Go through the data below and copy it exactly, skipping every picture.

DATASET CONTENT>
++++++++
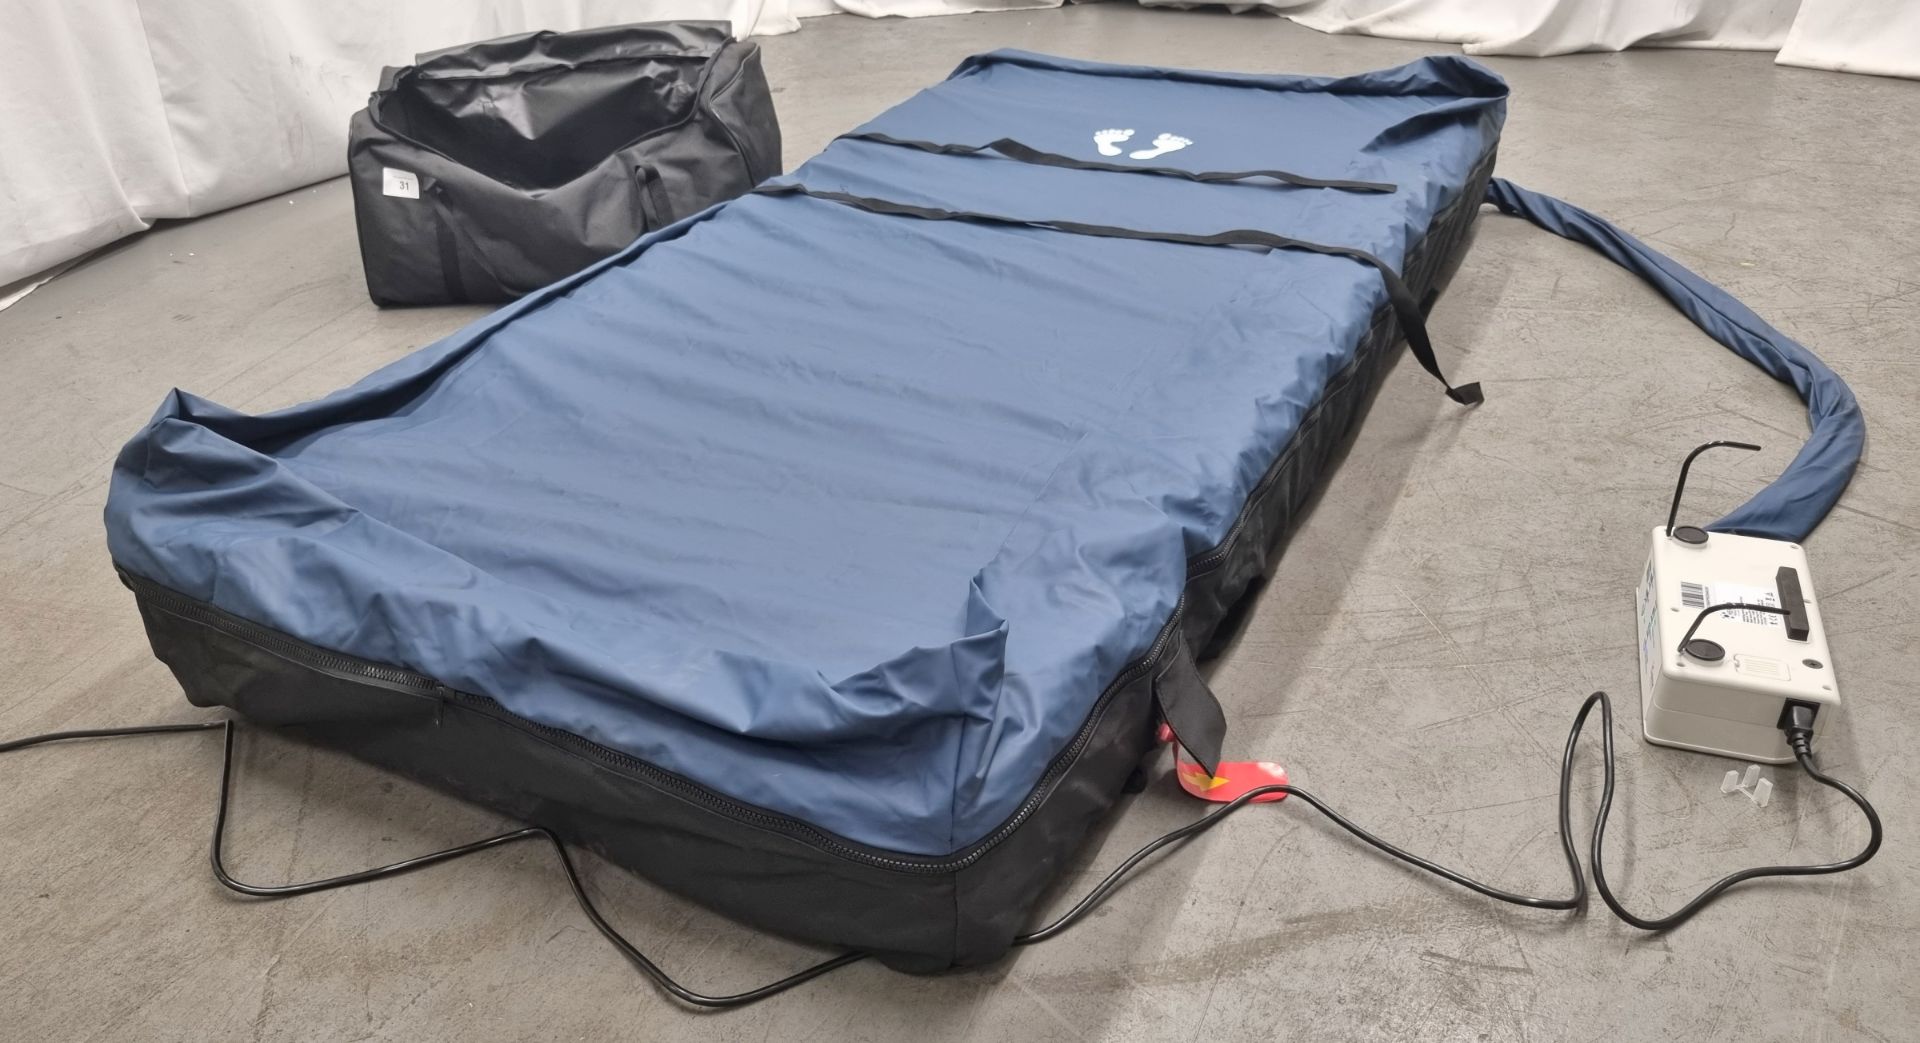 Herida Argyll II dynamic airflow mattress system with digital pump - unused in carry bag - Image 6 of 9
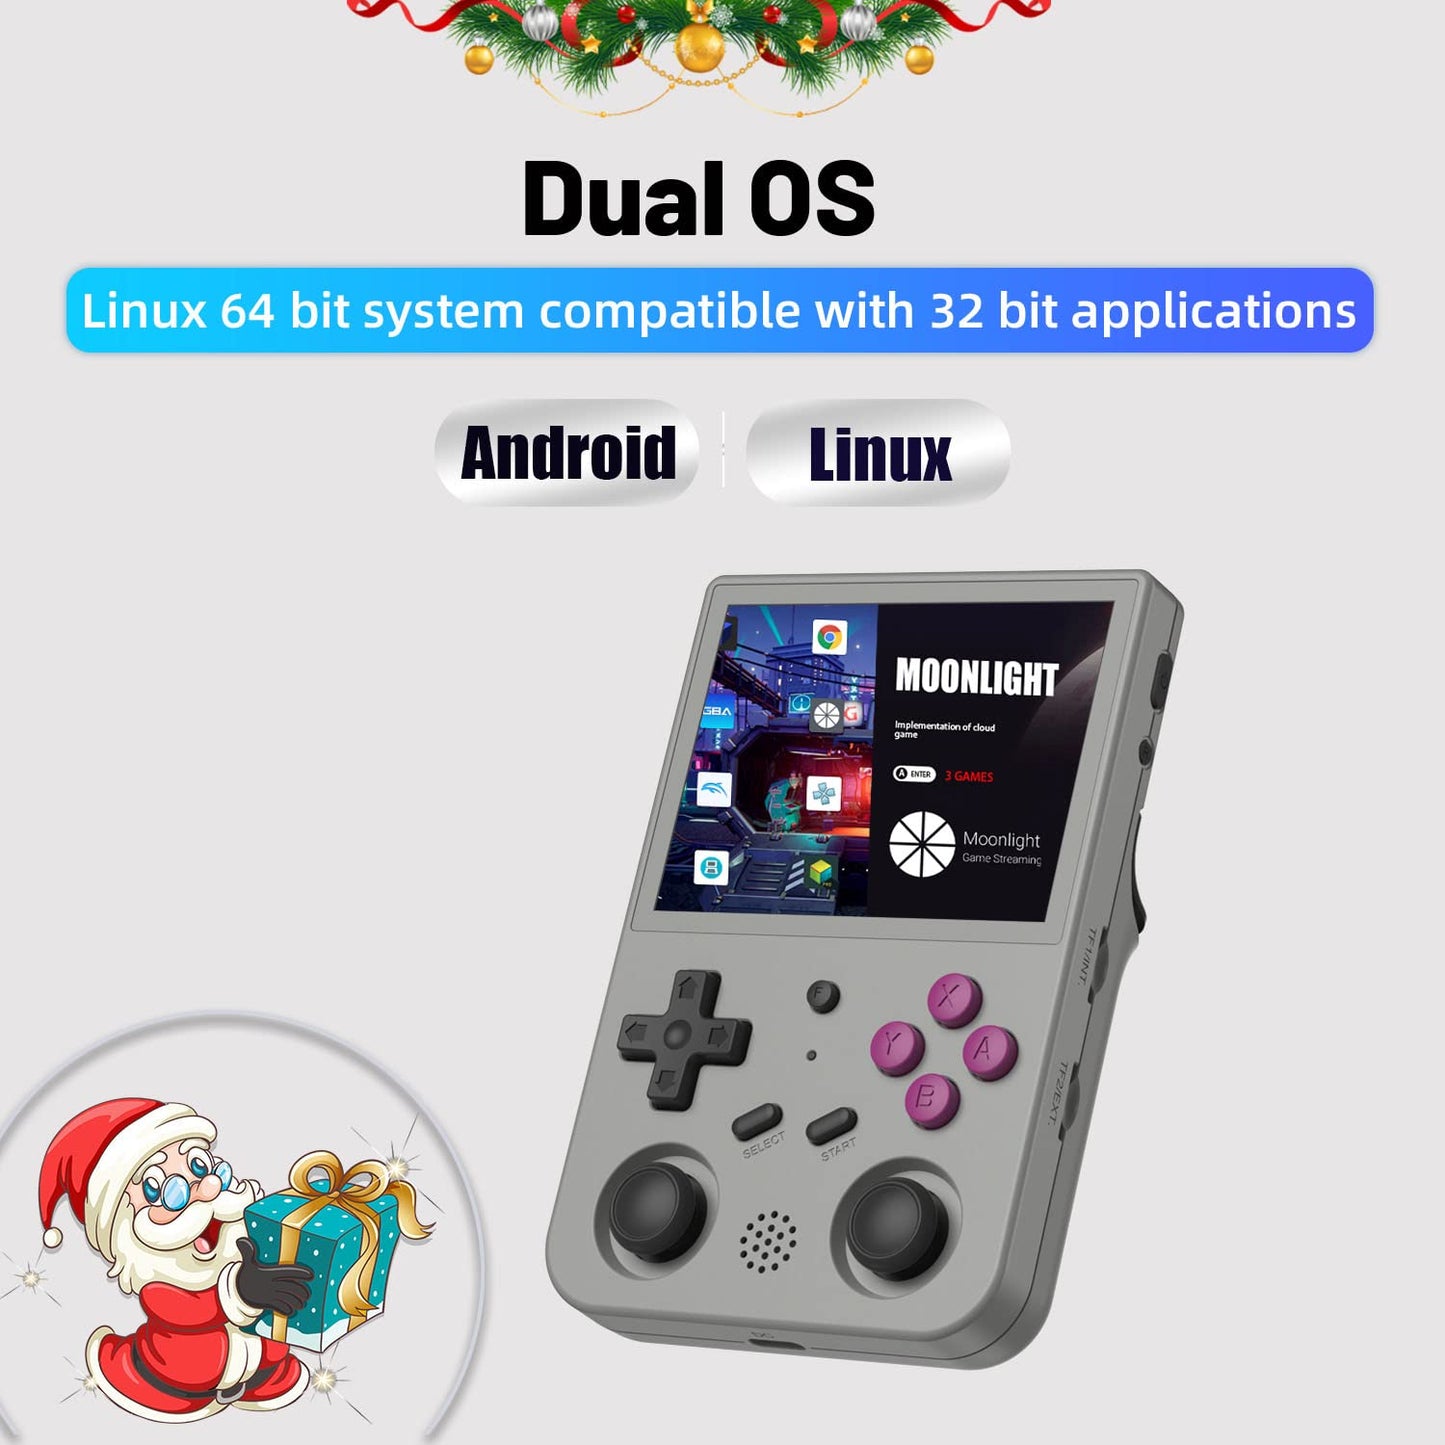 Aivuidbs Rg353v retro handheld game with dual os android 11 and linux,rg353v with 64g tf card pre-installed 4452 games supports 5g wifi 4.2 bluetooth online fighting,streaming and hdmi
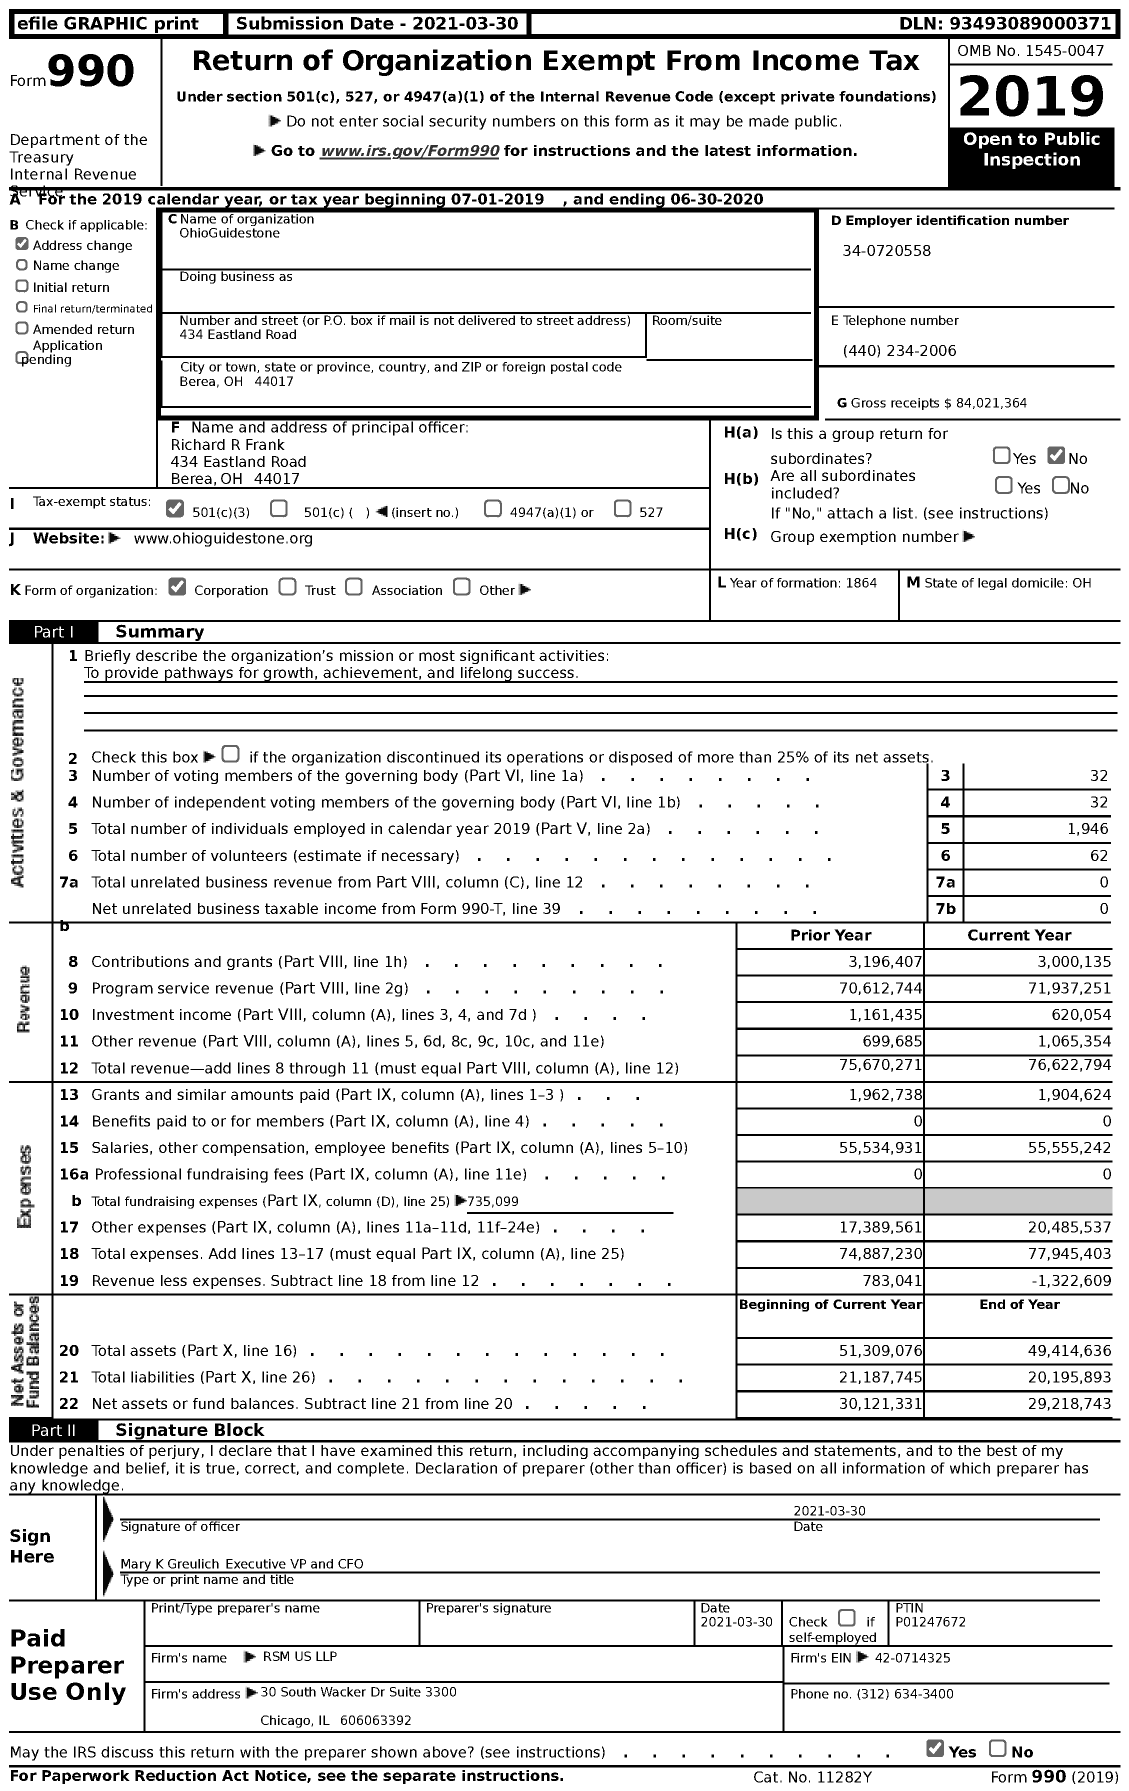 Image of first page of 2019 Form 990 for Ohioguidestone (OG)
++++++++
SOLUTION FOR THIS PROBLEM>
 Herida Argyll II dynamic airflow mattress system with digital pump - unused in carry bag - Image 6 of 9
 Aivuidbs Rg353v retro handheld game with dual os android 11 and linux,rg353v with 64g tf card pre-installed 4452 games supports 5g wifi 4.2 bluetooth online fighting,streaming and hdmi
 Image of first page of 2019 Form 990 for Ohioguidestone (OG)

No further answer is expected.